Still the bread and butter for most MCA brokers. You call business owners directly, identify if they have a funding need, and offer to help them get capital. The conversion rate is low (expect 1-3% of calls to result in a submission), but the volume makes it work. A broker making 200-300 calls per day using a power dialer can generate 3-8 interested merchants daily. At that rate, you should be submitting 10-20 deals per week and funding 2-5 of them.

Purchasing Leads

MCA lead vendors sell lists of business owners who have either applied for funding recently, searched for business loans online, or match a financial profile that suggests they need capital. Fresh, exclusive leads cost $15-$50+ each, while aged or shared leads run $2-$10. Browse MCA lead vendors in our marketplace to compare options.

A word of caution: results vary greatly with purchased leads. The space is full of scammy lead providers selling recycled data, outdated lists, or leads that have already been called by 10 other brokers. You might spend $2,000 on a batch and get zero funded deals. Start with a small test before committing serious money, verify the freshness and exclusivity of what you are buying, and ask for references from other brokers who have used the vendor. Finding a reliable lead source is tough and can get expensive — but when you find the right one and dial in your process, the revenue generated is unreal.

Text and Email Campaigns

Many brokers supplement cold calling with SMS campaigns and email marketing. Text messages to business owners have significantly higher open rates than email (90%+ vs 20-30%). However, texting regulations (TCPA) are strict — make sure you are compliant with opt-in requirements and use a reputable platform.

Referral Partnerships

The highest-quality merchants come from referrals. Build relationships with accountants, bookkeepers, business consultants, payment processors, and other professionals who work with small businesses. When their clients need funding, you are the person they call. Referral deals close at 3-5x the rate of cold-called leads and typically have better financials.

Digital Marketing and SEO

Some brokers invest in Google Ads, Facebook Ads, or SEO to generate inbound leads — business owners who come to you already interested in funding. This requires more upfront investment and marketing knowledge, but inbound leads convert at much higher rates. A well-optimized Google Ads campaign for terms like “business cash advance” or “fast business funding” can generate leads at $30-$75 each.

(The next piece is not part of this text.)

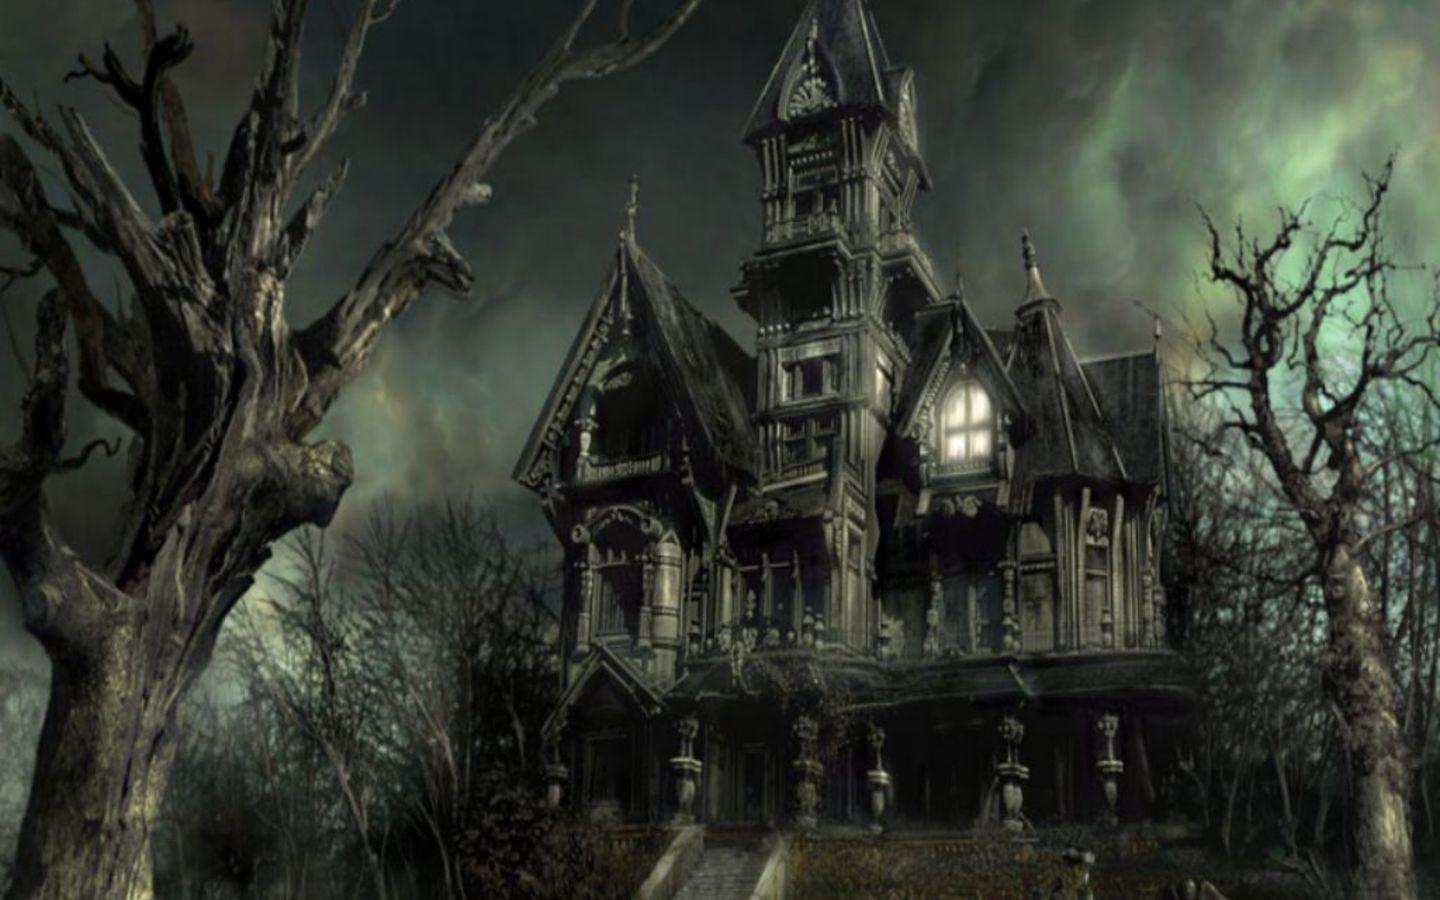 Horror Ghost Houses wallpaper HQ image size
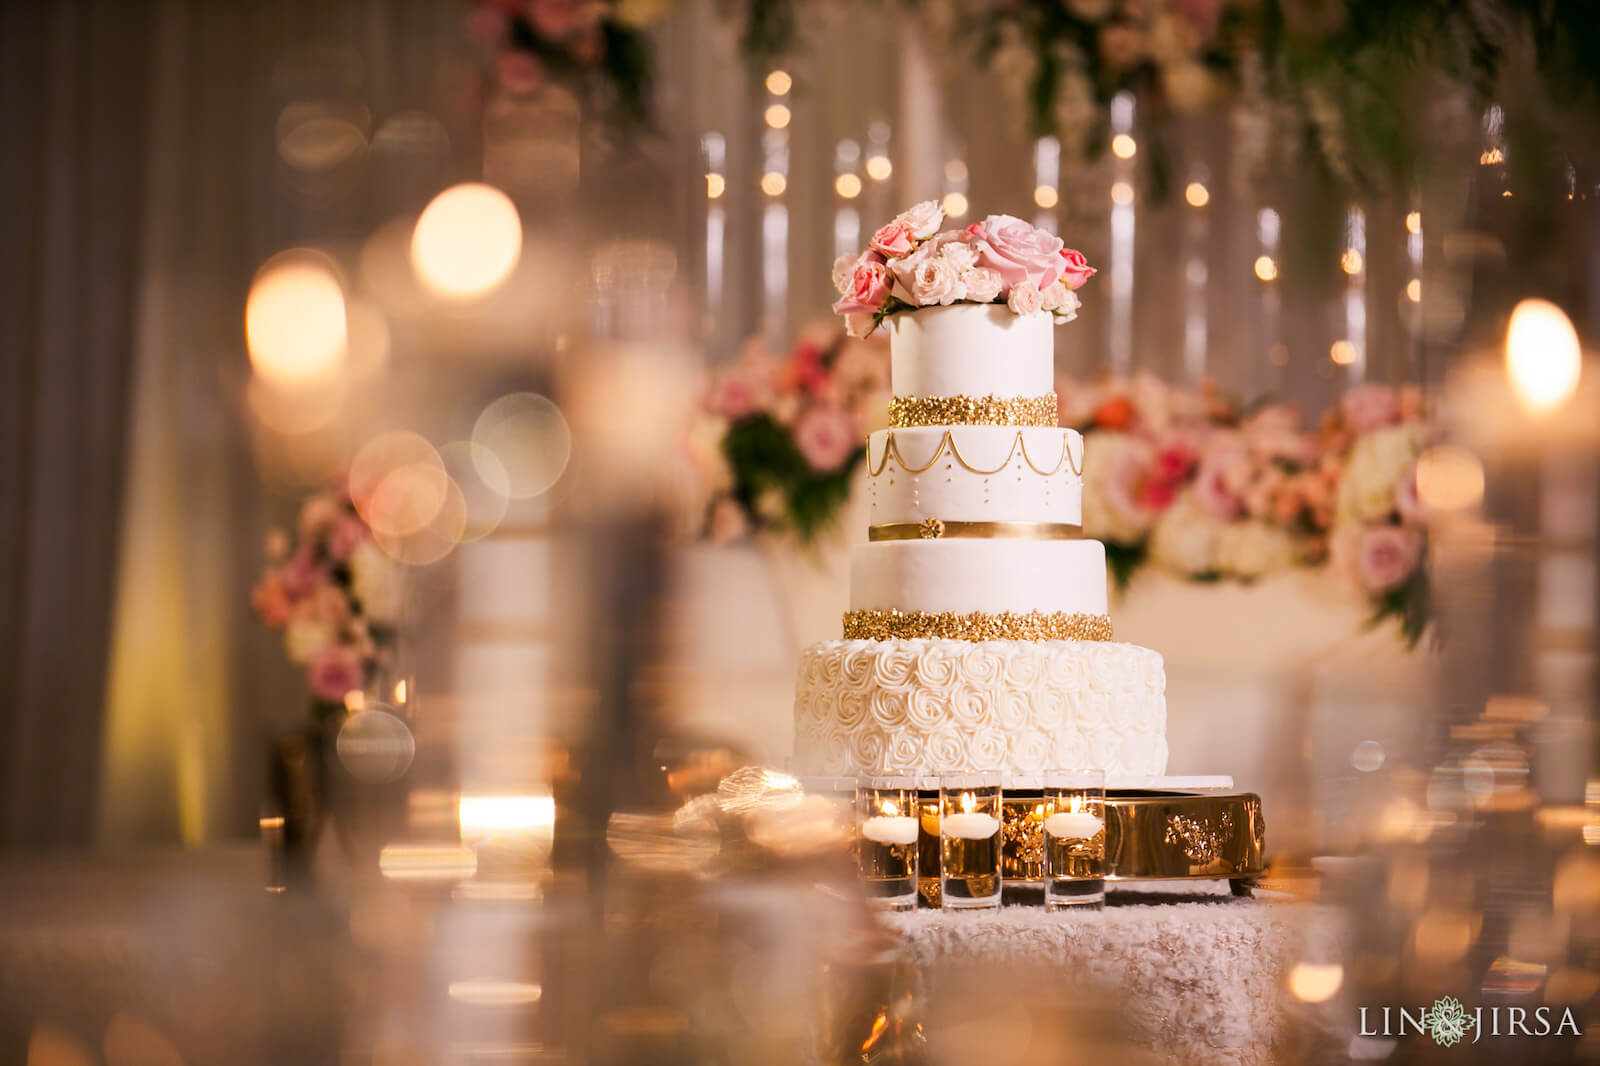 Wedding Cake Pictures and Tips - The Photo Argus

Submitting Your First Deal

You have a merchant who needs funding. Now what? The submission process is standardized across most funders, and speed matters — the faster you get a complete package to funders, the faster the merchant gets funded and you get paid.

Step 1: Collect the Submission Package

Every funder needs the same core documents:

  • Signed MCA application: Most funders have their own application, but many accept a universal broker application. Get the merchant to fill out basic business information, owner details, and funding request amount.
  • 3-4 months of business bank statements: This is the most important document. Funders underwrite primarily on cash flow — monthly deposits, average daily balance, negative days, and NSF (non-sufficient funds) activity. All pages of each statement are required.
  • Valid government-issued ID: A copy of the business owner's driver's license or passport.
  • Voided check: From the business bank account where the advance will be deposited and ACH payments will be debited.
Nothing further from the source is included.